AfricaPress-Tanzania: A RESIDENT of Arusha City, Yuda John, is to remain behind bars for 30 years for having sexual intercourse with his own seven-year old daughter repeatedly.
This follows the decision of the Court of Appeal to dismiss the appeal for devoid of merit under which John, the appellant, had lodged to challenge both conviction and the sentence imposed on him by the district trial court and confirmed by the High Court.
Justices Augustine Mwarija, Ignas Kitusi and Rehema Kerefu dismissed all grounds of appeal the appellant had advanced, holding that the first appellate court, the High Court, properly re-evaluated the evidence and was satisfied with the findings of the trial court.
“We do not find any cogent reasons to disturb the concurrent findings of the lower courts, as we are satisfied that the evidence taken as a whole establishes that the prosecution’s case against the appellant was proved beyond reasonable doubt,” they ruled.
During hearing of the appeal, the appellant had contended, among others, that the first appellate court failed to re-evaluate the evidence on record and that the victim of rape (name withheld) and her neighbour were not credible and reliable witnesses.
In their deliberations, the justices said that having revisited the testimonies of two witnesses, who testified during the trial, there was no doubt that they clearly explained the incident.
According to the justices, the victim, in particular, testified on how the appellant undressed himself and then undressed her by removing her underpants and raped her.
Likewise, they said, the victim’s neighbor testified on how she started living with her after finding that she was sexually abused by the appellant and how she examined and took her to the hospital for further medical examination.

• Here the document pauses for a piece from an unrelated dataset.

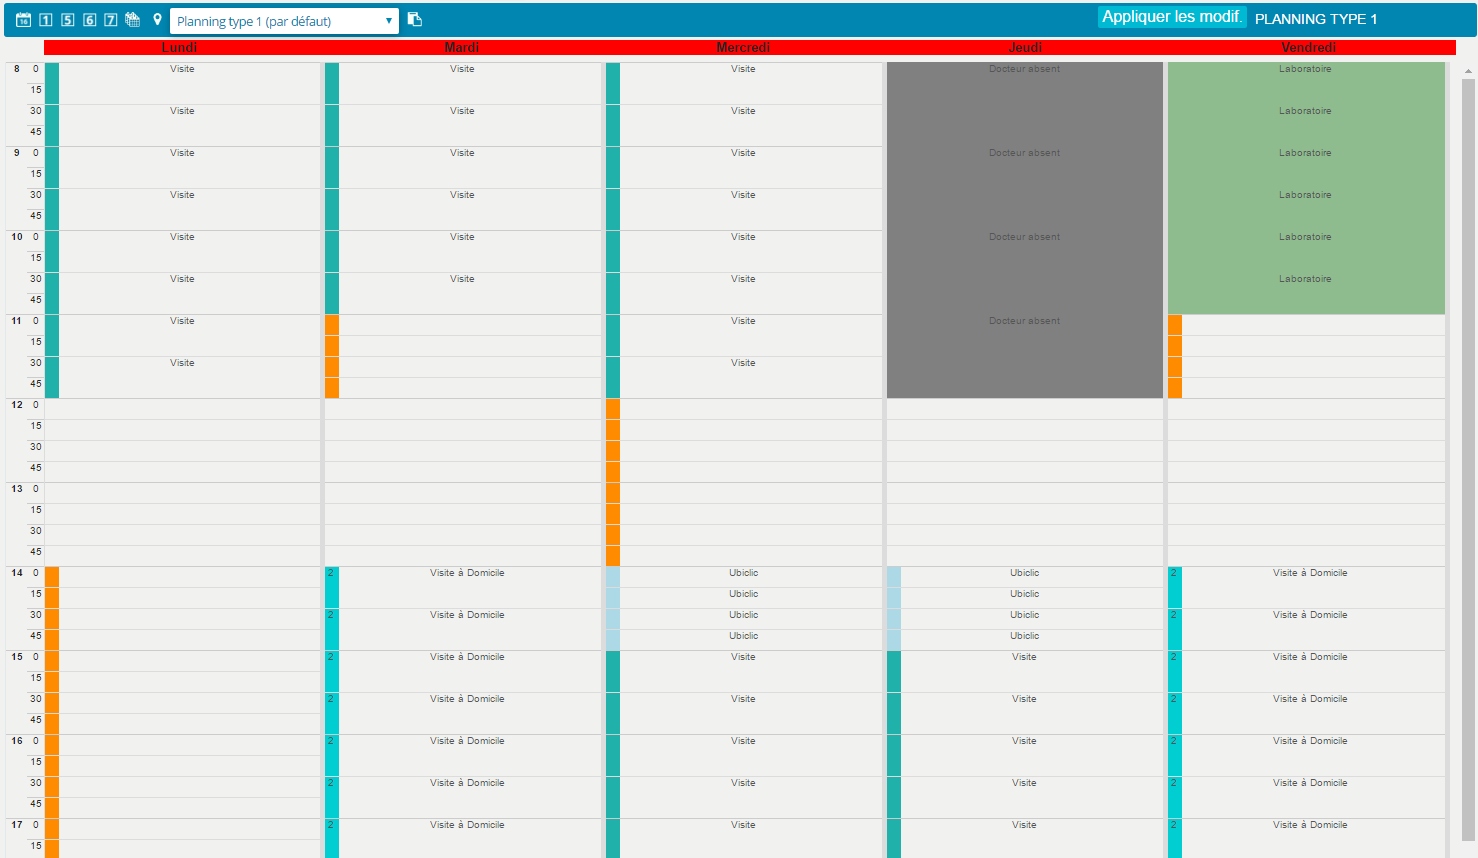 Planning type

“Pursuant to section 127 (7) of the Tanzania Evidence Act, as rightly submitted by (the prosecution), in cases involving sexual offences the best evidence is that of the victim.
The sole evidence of the victim can be safely relied upon by the court to sustain a conviction,” the justices recalled.
They were mindful of the fact that in his submission the appellant argued that the evidence of his daughter was not corroborated because the investigation officer and the doctor were not called to testify before the trial court. “We find this argument to have no legal basis.
As argued by (the prosecution, under section 143 of the Act, there is no legal requirement for the prosecution to call a specific number of witnesses,” they said.
The justices added that in rape cases, the testimony of the doctor or the PF3 are not the only evidence to prove rape and that other evidence on the record could as well prove the offence.
They hastened to remark that even without the evidence of the doctor or even the PF3, the testimony of the two witnesses was quite sufficient to prove that the daughter was raped.
“We are satisfied that both lower courts adequately evaluated the evidence on record and arrived at a fair conclusion. It is therefore, our settled view that there is no fault in the factual findings of the two courts below for this Court to interfere,” the justices said. The victim was living with her father and her step mother together with a young baby.
On the fateful date, when the step mother went out to buy vegetables and asked the victim to take care of the baby, her father undressed himself and then undressed her by removing her underpants and raped her.
She had told the court that, after the incident she went to the house of a neighbor, but she did not reveal the ordeal to her or even to anyone.
However, on the next day, the daughter told the neighbor what had befallen her and that the father had raped her twice. The matter was reported to the ten-cell leader who did not take any action. And, the neighbour decided to inform her fellow women and the appellant was arrested.